## Your instructions
Only the lines from the beginning of the material below through the line with "Plain Language Report" should be retyped exactly, and pictures are to be skipped.

## Input data
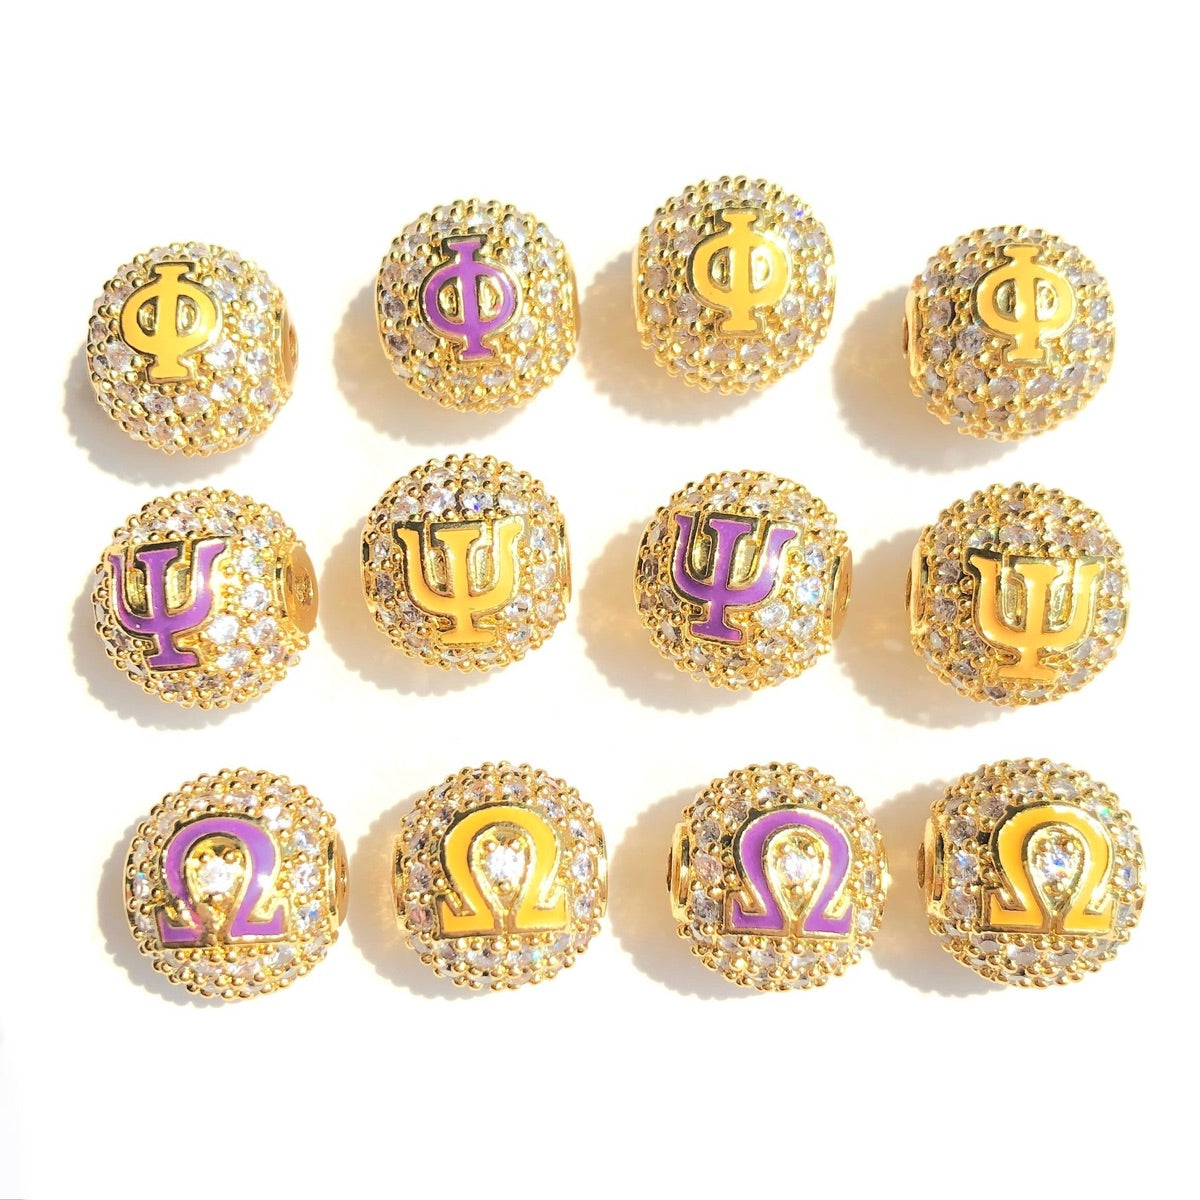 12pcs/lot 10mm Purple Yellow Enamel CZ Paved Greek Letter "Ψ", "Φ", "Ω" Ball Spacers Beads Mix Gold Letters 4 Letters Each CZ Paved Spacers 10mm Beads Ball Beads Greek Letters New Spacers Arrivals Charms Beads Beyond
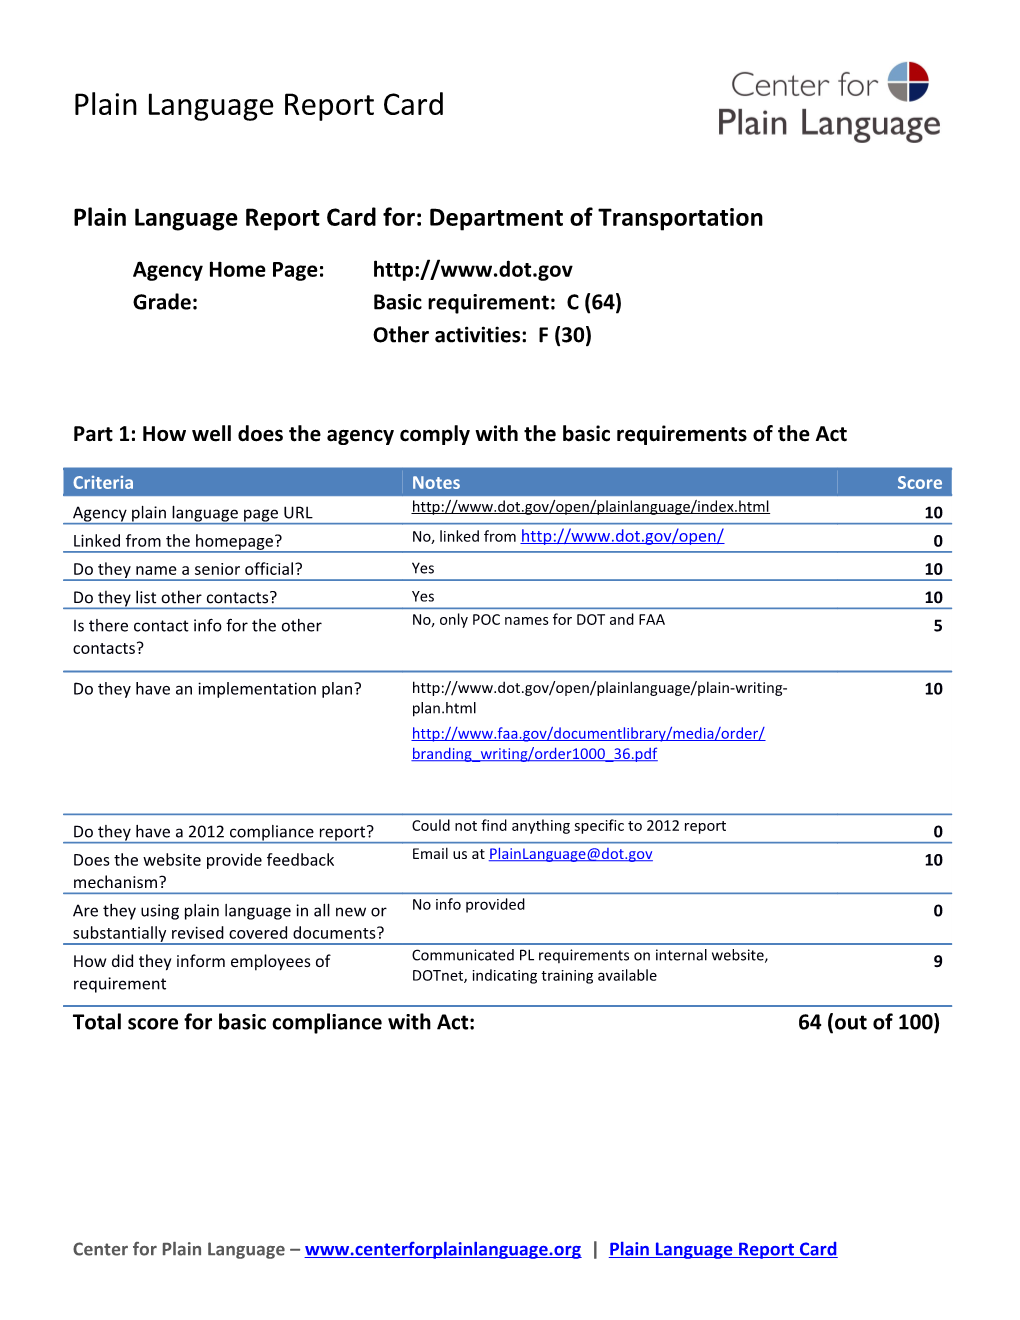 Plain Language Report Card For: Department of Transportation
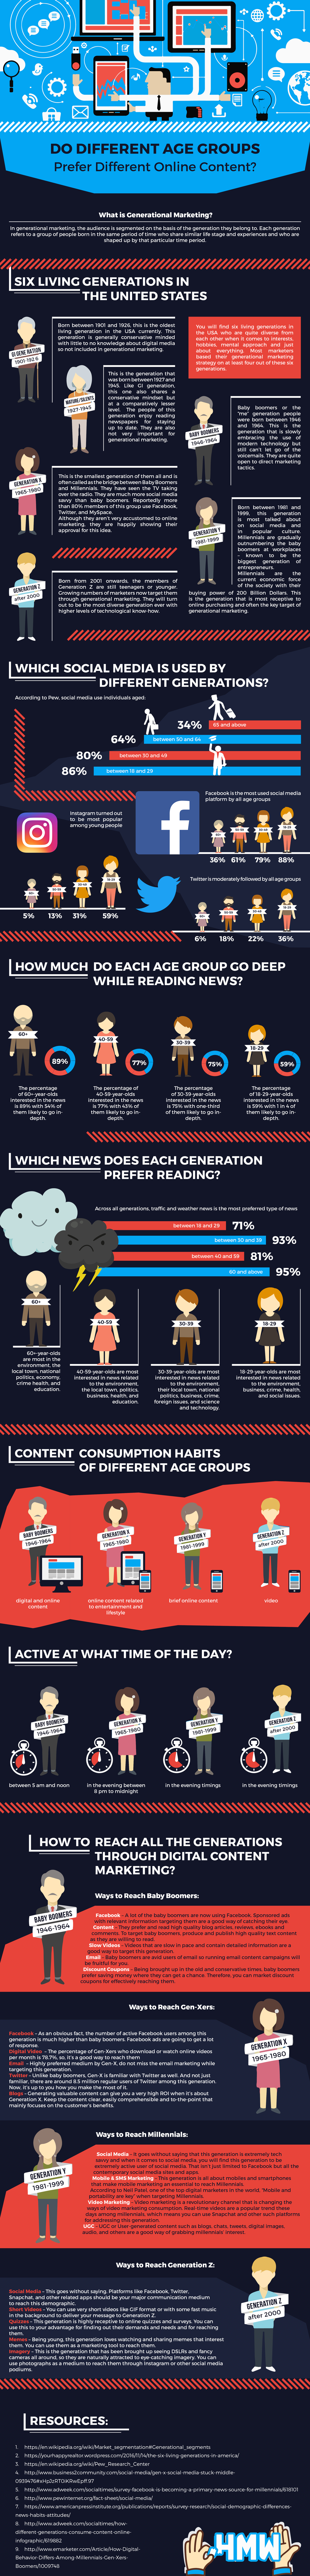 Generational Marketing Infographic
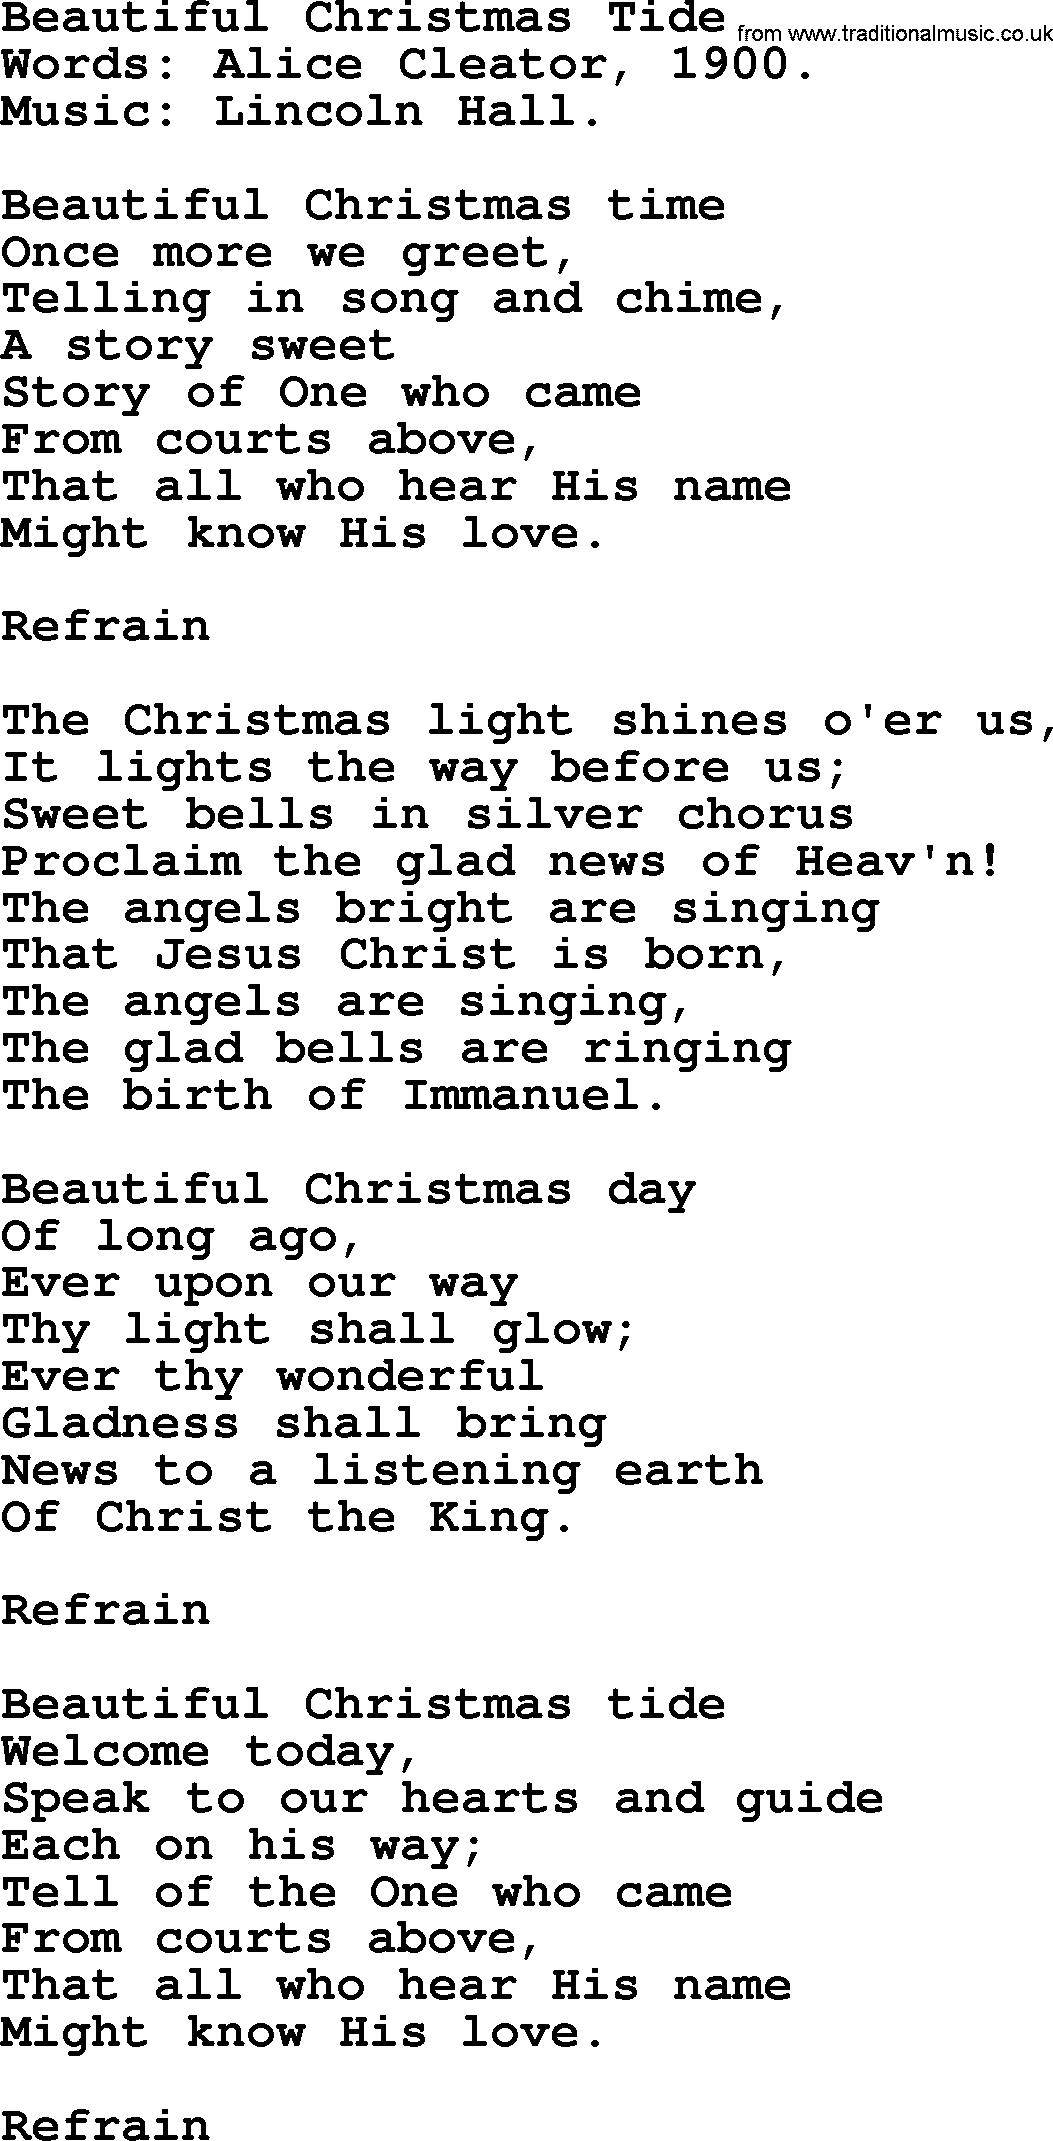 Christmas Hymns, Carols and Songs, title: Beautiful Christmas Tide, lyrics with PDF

## Response box
 12pcs/lot 10mm Purple Yellow Enamel CZ Paved Greek Letter "Ψ", "Φ", "Ω" Ball Spacers Beads Mix Gold Letters 4 Letters Each CZ Paved Spacers 10mm Beads Ball Beads Greek Letters New Spacers Arrivals Charms Beads Beyond
 Plain Language Report Card For: Department of Transportation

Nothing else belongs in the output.